On the surface Penn has struck gold with this stirring and inspirational tale. It’s quintessential Americana. Adapted from the book by Jon Krakauer that recounts the true story of Christopher McCandless (Emile Hirsch), fresh out of college, qualification rich, a future littered with unlimited potential. And yet he gave everything away to strike out on a Kerouac dream of wide open highways all the way to the wilds of Alaska. Two years after beginning his journey he was found dead from starvation in the run down bus that became his home.
Utilising a loose, almost patchwork film narrative, Penn moves back and forth between scenes in Alaska, McCandless’s journey and flashbacks to his rather acrimonious home life. It’s both a recollection of the 70s aesthetic that defined cinematic rebellion and a potent technique for an examination of the themes of family, ecology, capitalism and the degradation of the American spirit.

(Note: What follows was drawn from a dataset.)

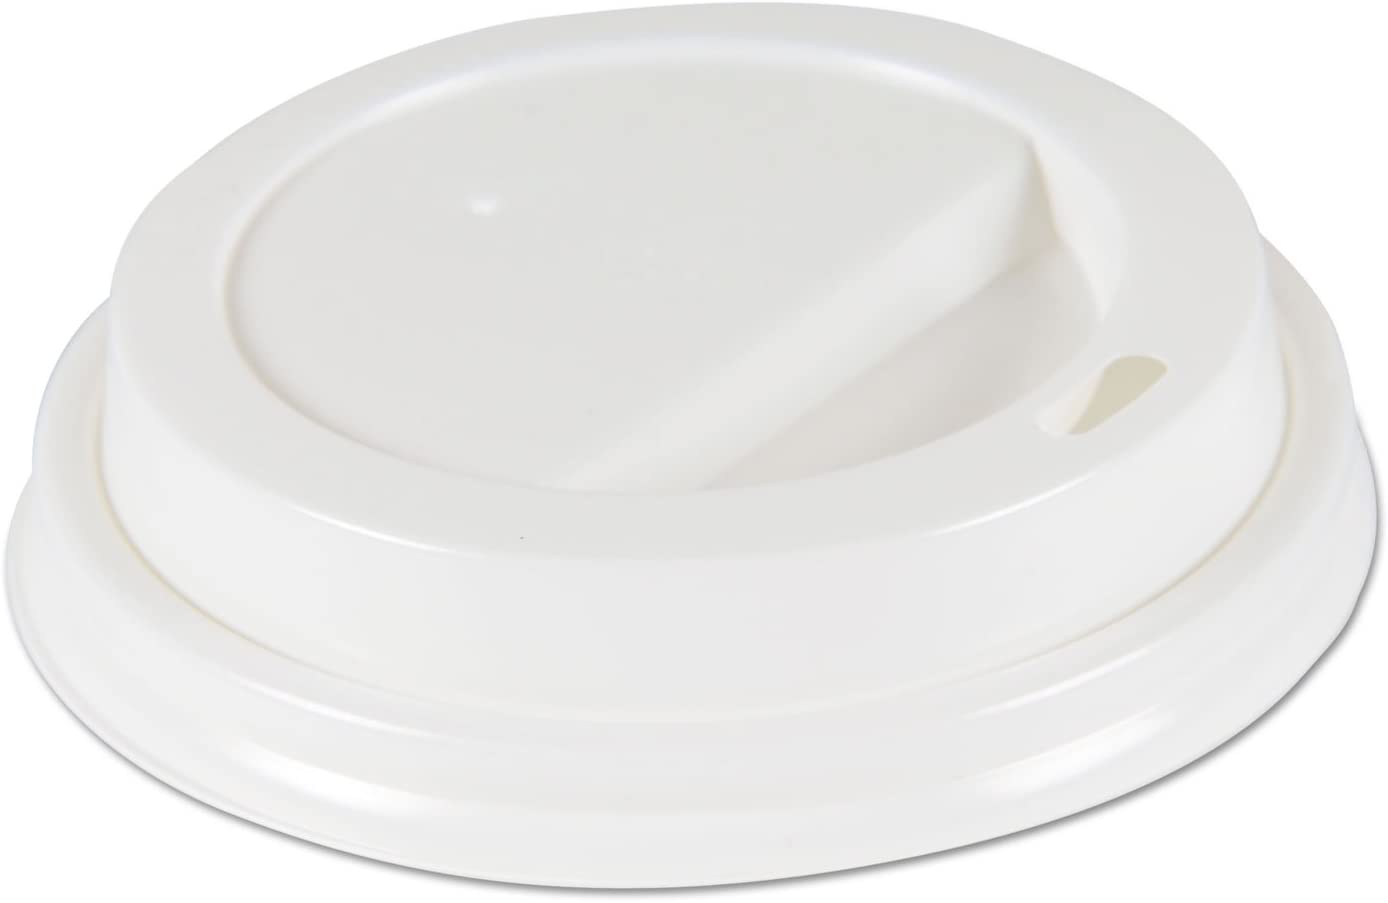 LIDS-HOT CUP FOR 10-20 OZ CUPS 
WHITE (1000/CS)

There is an opportunity for a fascinating character study here with McCandless’s rejection of possessions not simply covering the material, but also those of identity as he cuts himself off emotionally and changes his name to Alexander Supertramp. It’s both a literary and psychological choice and connects with his dismissal of family; a judgement so severe and strange when you consider the love that he clearly has for his sister, a recurring character in didactic voiceover.
There’s also the lofty transfiguration of father, God and nature, as he escapes one, and finds the other, at least in some form. There’s a cruel irony at work in that while the landscape offers freedom, it too is a father, ready to educate and inspire while at the same time punishing just as cruelly as one made of flesh, as McCandless so tragically discovers.
And yet these are more observations than anything suggestive of McCandless as portrayed here. While he meets a variety of characters on his journey, from the hippy duo (Catherine Keener & Brian H. Dierker) that along with their Slab City encampment personifies the fading memory of some free America to the lonely retired soldier (brilliantly realised by Hal Holbrook) who attempts to impart some wisdom on the young drifter there’s no sense that he has developed as a character. Remaining resolute in his questing for Alaska to an almost obstinate level.